Contact angle dynamics in droplet impact on flat surfaces: Effect of surface wettability

Contact angle dynamics is examined experimentally during spreading/recoiling of mm-sized water droplets impacting orthogonally on various flat surfaces with $We = O(0.1)-O(10)$, $Ca = O(0.001)- O(0.01)$, $Oh = O(0.001)$ and $Bo = O(0.1)$. In this impact regime, inertial, viscous, and capillary phenomena act in unison to influence contact angle dynamics. The wetting properties of the target surfaces range from wettable to non-wettable. The objective of the work is to provide insight into the dynamic behavior of the apparent (macroscopic) contact angle $\theta$ and its dependence on contact line velocity $V_{CL}$ at various degrees of surface wetting for droplets impacting with low to moderate Weber numbers. The hydrodynamic wetting theory of Cox (1998) is implemented to relate the microscopic wetting parameters to the observed $\theta$ vs. $V_{CL}$ data.

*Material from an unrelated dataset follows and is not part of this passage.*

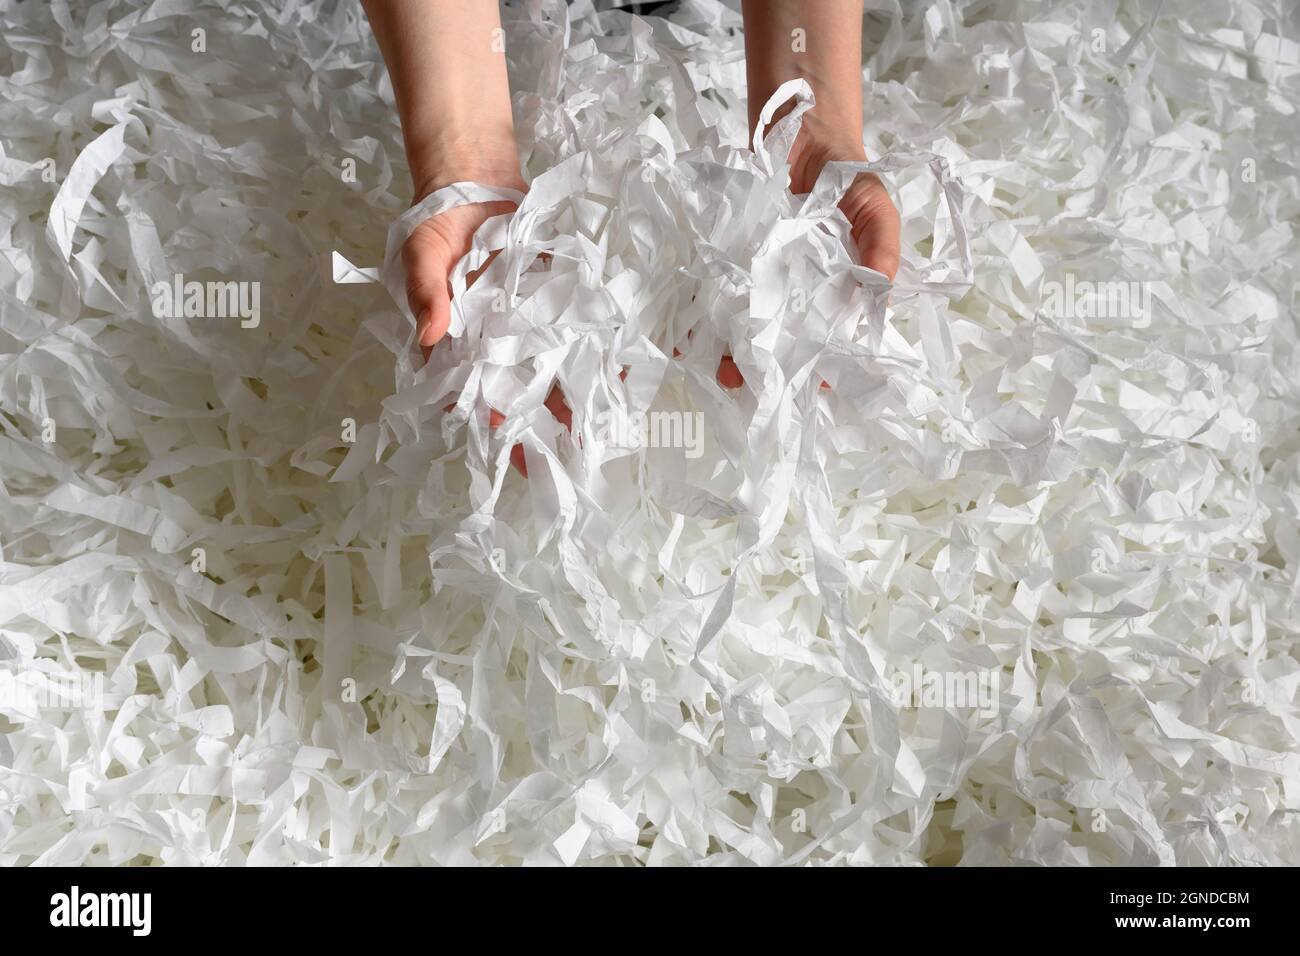 Recycling, Abfall, Müll und Ökologie Konzept. Geschredderter Papierhaufen in den Händen, Draufsicht auf viele weiße Streifen. Stapel geschnittenes Papier wie Konfetti für Party oder b Stockfoto

It is concluded that Cox's model works well in the fast spreading regime, but proves inadequate for slow spreading where solid/liquid interactions are dominant. In addition, the molecular-kinetic theory of wetting by Blake and Haynes (1969) is tested with good results. This study offers guidance for numerical or analytical studies, which require special attention to the boundary conditions at the contact line, and more specifically the functional dependence of contact angle on contact line speed.